*** Records Section Begins ***

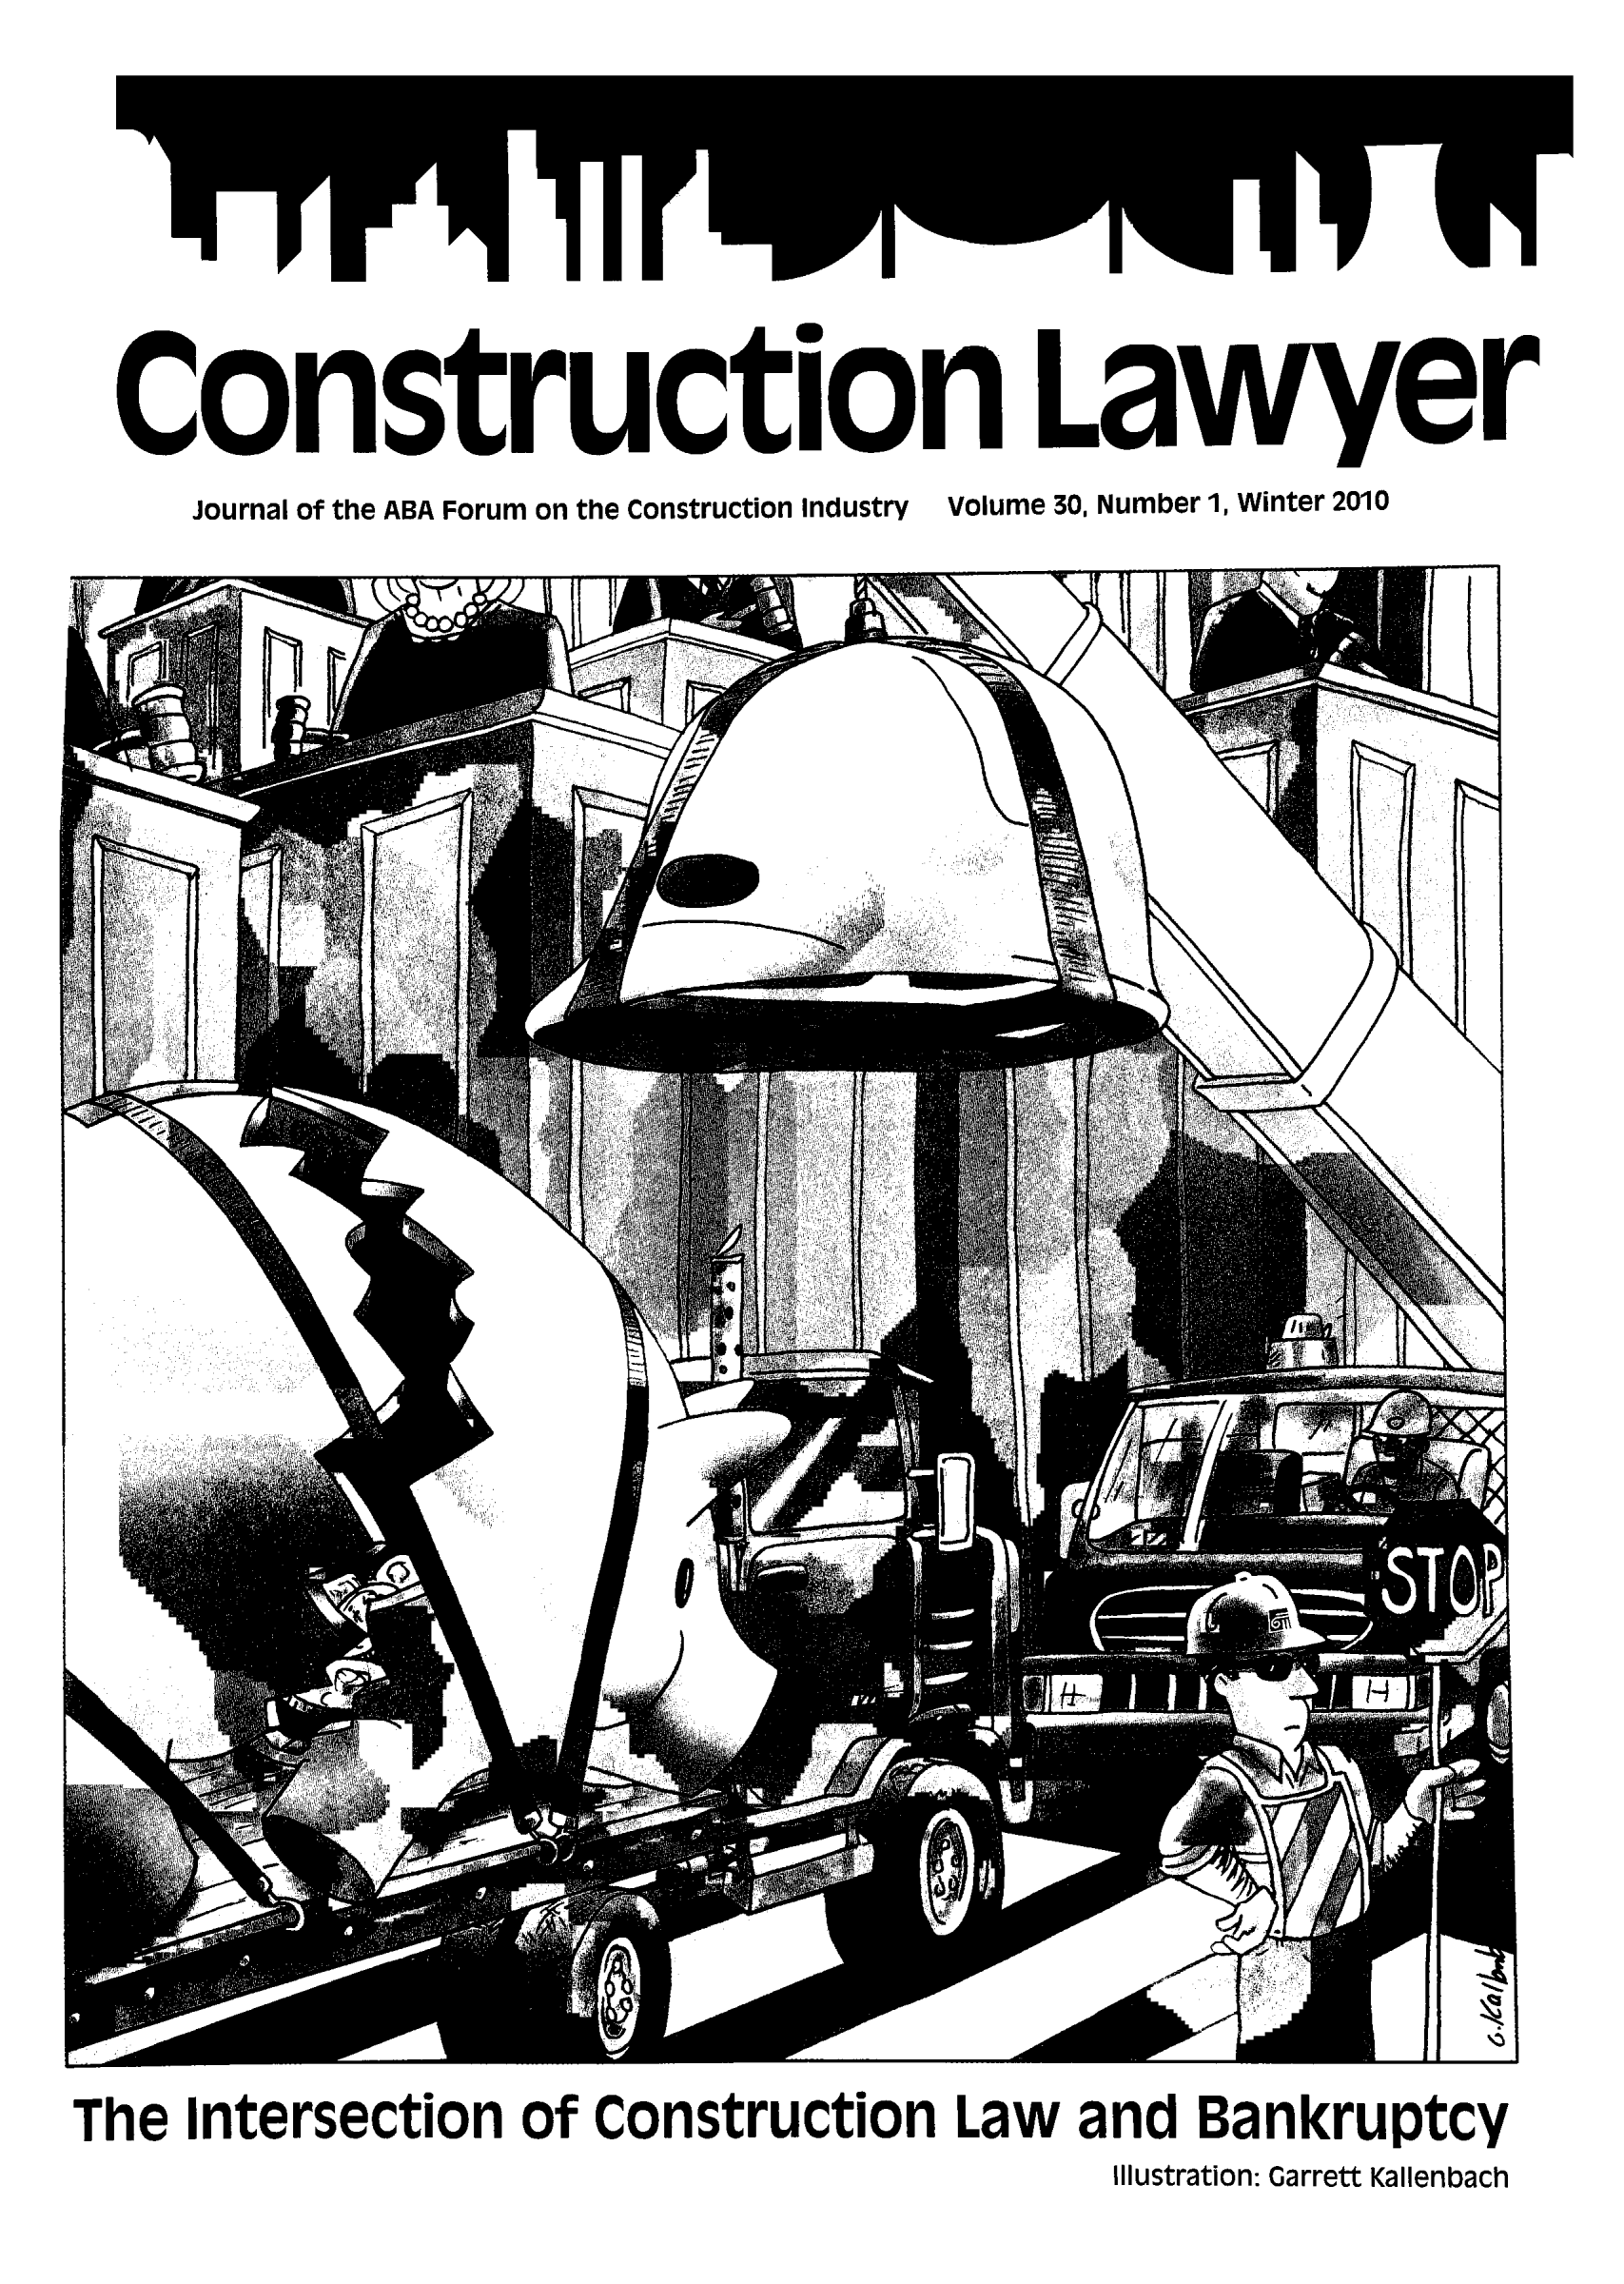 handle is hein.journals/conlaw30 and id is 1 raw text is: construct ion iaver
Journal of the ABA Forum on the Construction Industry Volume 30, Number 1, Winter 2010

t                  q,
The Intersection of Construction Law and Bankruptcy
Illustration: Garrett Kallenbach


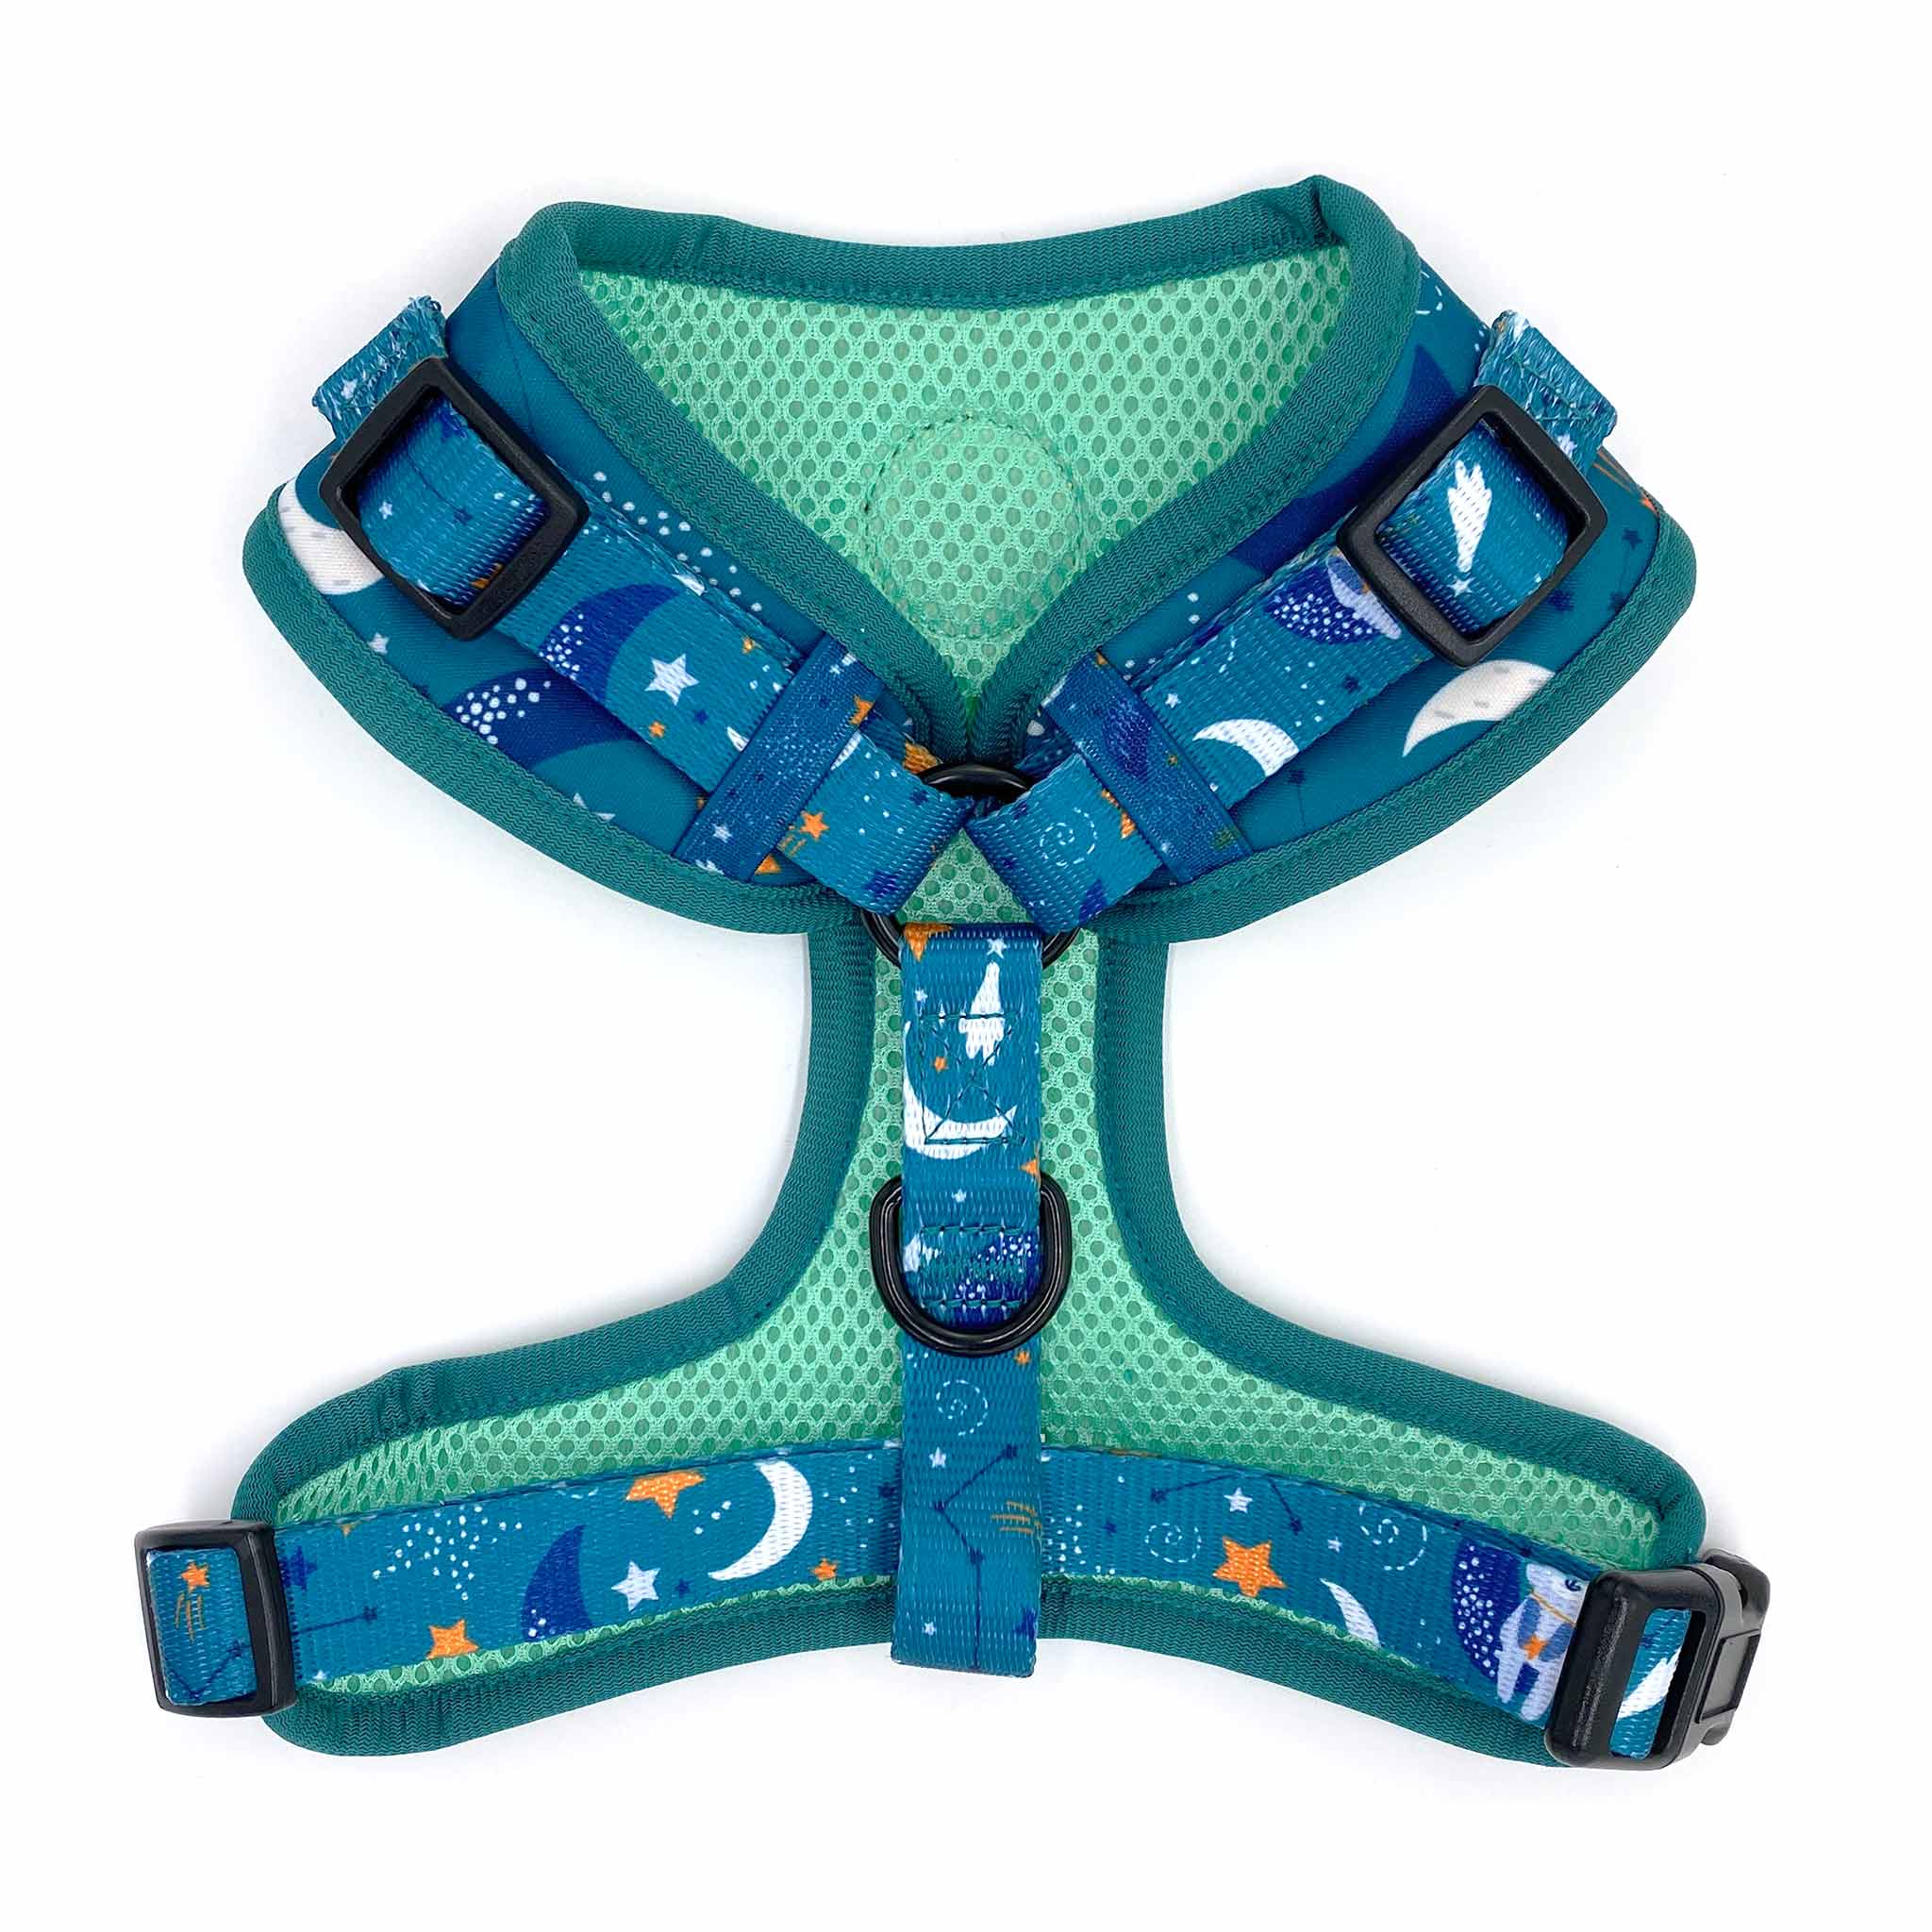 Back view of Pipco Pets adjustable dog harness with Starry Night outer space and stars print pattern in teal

*** Records Section Ends ***

Your goal: Locate "Illustration: Garrett Kallenbach" in the listing above, then print exactly the lines from that line through the final one, omitting all pictures.

Output of the task:
Illustration: Garrett Kallenbach


 Back view of Pipco Pets adjustable dog harness with Starry Night outer space and stars print pattern in teal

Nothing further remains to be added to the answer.